The Philippine National Herbarium Collection

Plant collections at the PNH which approximately total to 180,000 mounted and accessioned specimens include angiosperms (flowering plants), gymnosperms (cone-bearing plants), pteridophytes (ferns and fern allies), bryophytes (mosses, hepatics and liverworts), algae, and fungi. The Botany Division which curates and maintains the plant collections also conducts research studies in basic science including taxonomy, revisionary and monographic studies and floristics, and applied science including economic and ethnobotany, allergenic plants, conservation biology, and bioinformatics. Collaborative research activities are also being conducted in the fields of pharmacognosy and pharmacology. The staff also spearheads the establishment of botanical gardens for conservation and educational purposes.

The collections represented in this handbook were chosen on the basis of their conservation status (e.g. rarity) as well as their economic, cultural, and historical significance.


The sea and the shore are the habitats of marine algae. Here, the red and the brown algae are the major photosynthetic organisms, while green algae play this role in the freshwater environment. These three groups occur in both freshwater and marine environment. Some green algae are even terrestrial. Green algae are believed to be the predecessors of the land plants because they share similar characteristics with them including chlorophyll a and b and starch as a form of food reserve. Diverse types of life cycle occur in the different members of the algal group. Their plant body is called a thallus; it does not have true roots, stems, or leaves.

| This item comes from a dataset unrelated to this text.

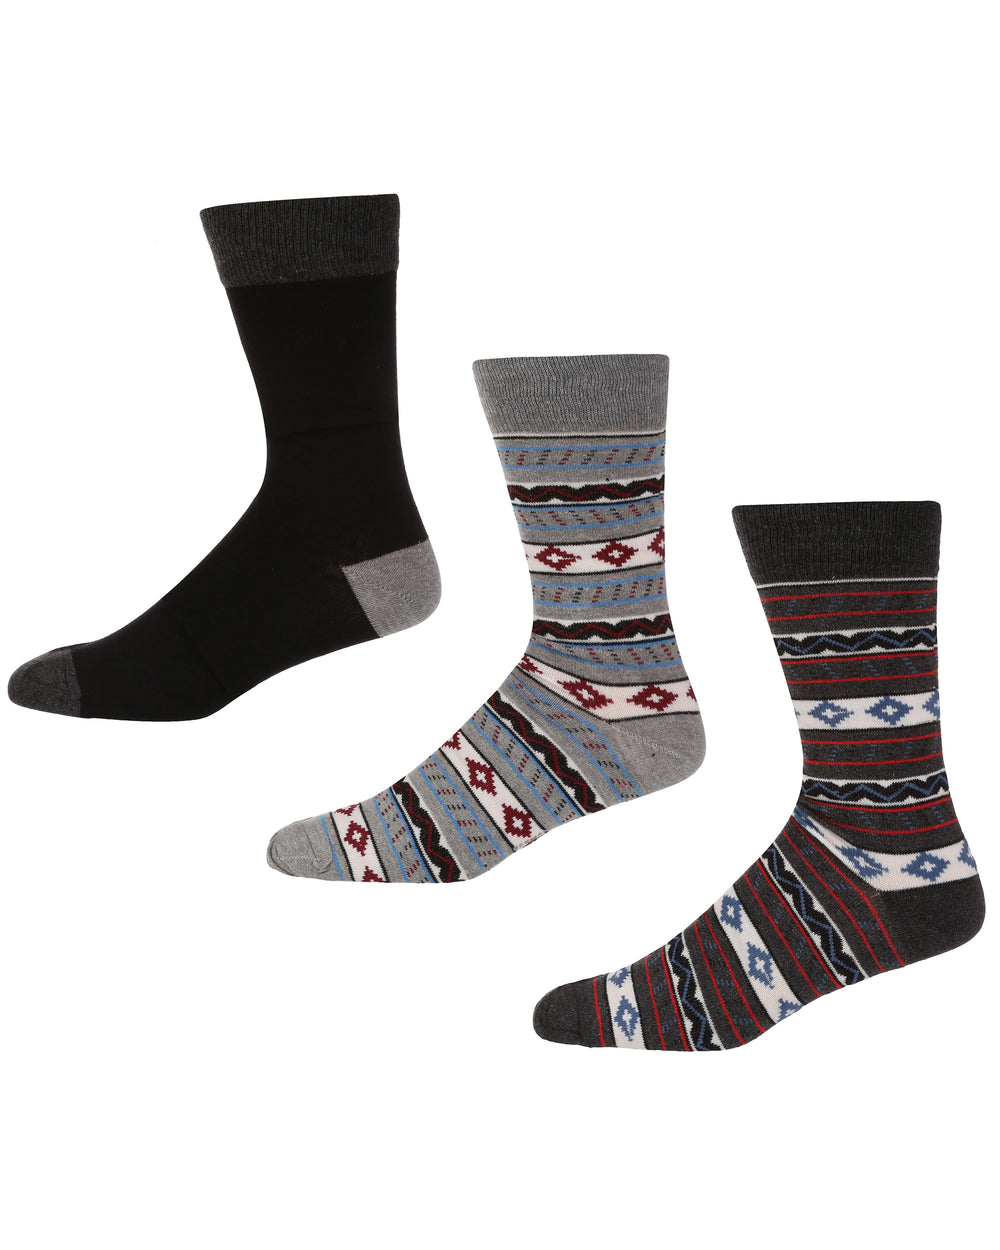 High Chaparral Men's 3-Pack Socks - Black/Grey Fairisle

Algae are important source of food in many parts of the world [e.g. kelps, sea lettuce (Ulva sp.)]. They provide necessary salts and other supplementary vitamins and minerals. Kelps are the source of alginates, which are used as thickening agents and stabilizers in the food, textile, cosmetic, paper and pharmaceutical industries. They are also used directly as fertilizers in some regions and in the preparation of agar. Agar which is used to make capsules for drugs and vitamins, base of cosmetics, dental impression material, and a culture medium for bacteria and other cells, perhaps is the most important direct commercial application of any algae.
   Sargassum cristaefolium
   Halymenia durvelliaei
   Acanthophora spicifera

The Ferns and Their Allies

Pteridophytes are vascular plants that are similar to seed-bearing plants by the presence of vascular tissues, phloem and xylem. They, however, differ from the latter by having spores as the major dispersal units, characteristics they share with bryophytes and fungi. Ferns have a pronounced alternation of phases in their life cycle, the sporophyte (the spore-bearing phase) and the gametophyte (the gametangia and gamete-bearing phase). The sporophyte is the more dominant phase represented by the plants we see in the forests. The gametophyte is very reduced, sometimes microscopic multicellular, one-cell thick organism that later develops gametangia producing eggs and sperms. One germinating spore can potentially start a population because it can develop into a gametophyte that produces both the eggs and sperms.
One of the most economically important ferns, Azolla, a species that naturally fixes nitrogen, occurs in rice paddies in Asia. Some species are highly priced ornamentals, some are used in native handicrafts, and still others are used as food.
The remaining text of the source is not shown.